Jim McCullough wrote:
It goes back to ICH7 for the PCIe support. That also includes models used
as plugin PCIe devices. I dont remember if ICH6 erra devices were PCI or
PCIe. I'll leave that part for Auke.
On 6/29/07, Jeff Garzik <[EMAIL PROTECTED]> wrote:
Andrew Grover wrote:
I think making e1000new ICH9-and-newer isn't really the best place to
split it. The Windows e1000 driver got split on the PCI->PCIe
transition, something that clearly delineated what nics one driver
supported, and the other. There's no real technical reason for
splitting now other than "this was when e1000old collapsed under its
own weight".
The PCIe adapters are also the first ones to support multiple queues
IIRC, maybe that would be an another actual technical reason to split
it there?
Can knowledgeable people characterize the PCIe adapters somehow?
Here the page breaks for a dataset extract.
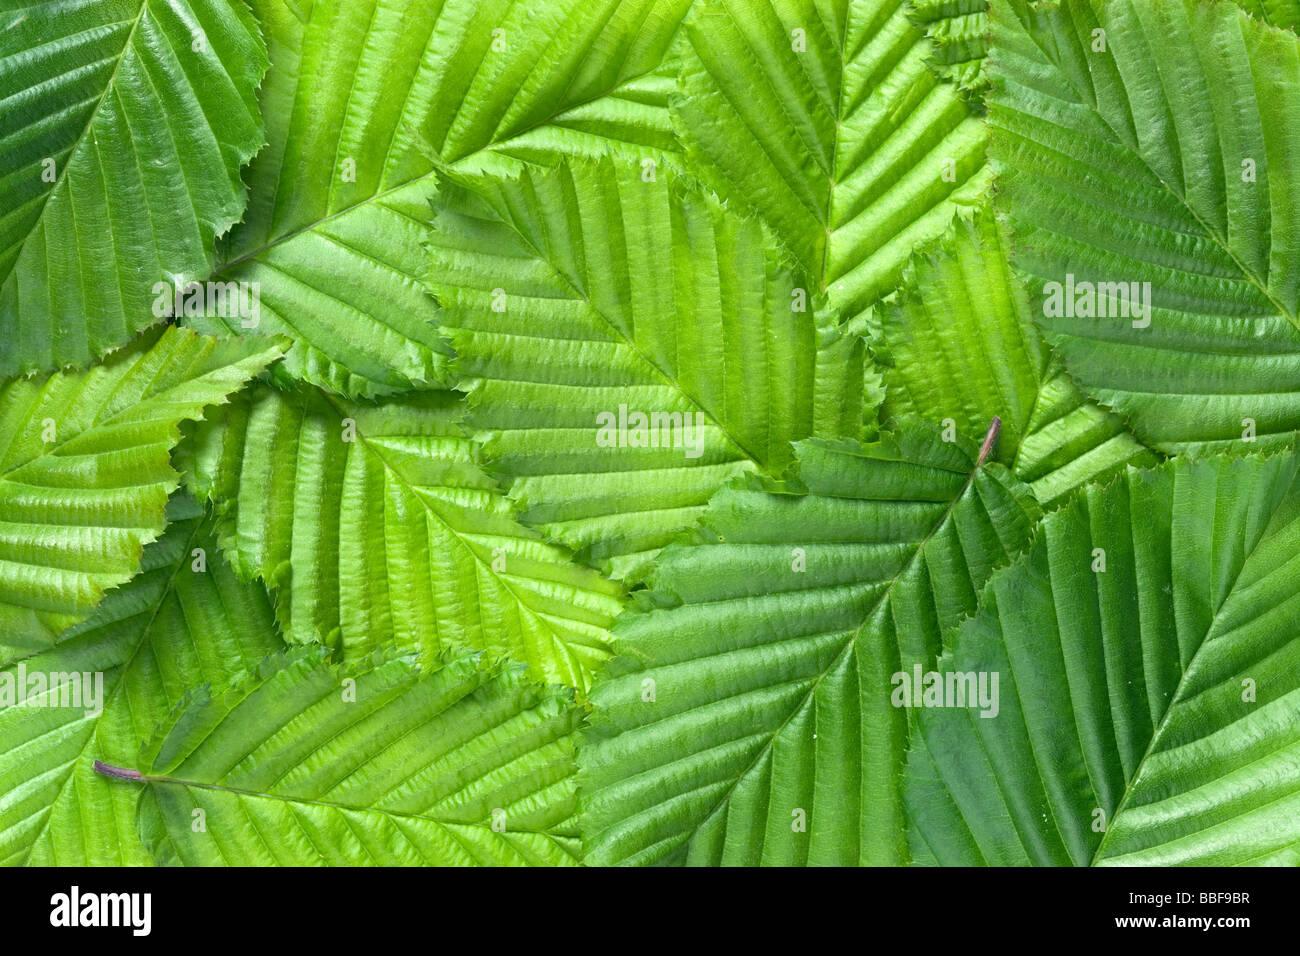 Blatt-Muster. Blätter der Hainbuche, Carpinus Betulus. Stockbild

Is
that "ICH8-era and later", or does it go back further than that?
ich7 and 6 are sold with various on-board NICs, often pre-pcie e1000 silicon
like 82547 and 82546. Some newer models (lenovo, toshiba) laptops pack 82573,
but basically ich chipsets before ich8 did not have an in-chipset MAC, so they
are irrelevant for this story.
only es2lan, ich8 and ich9 have true on-board MAC's.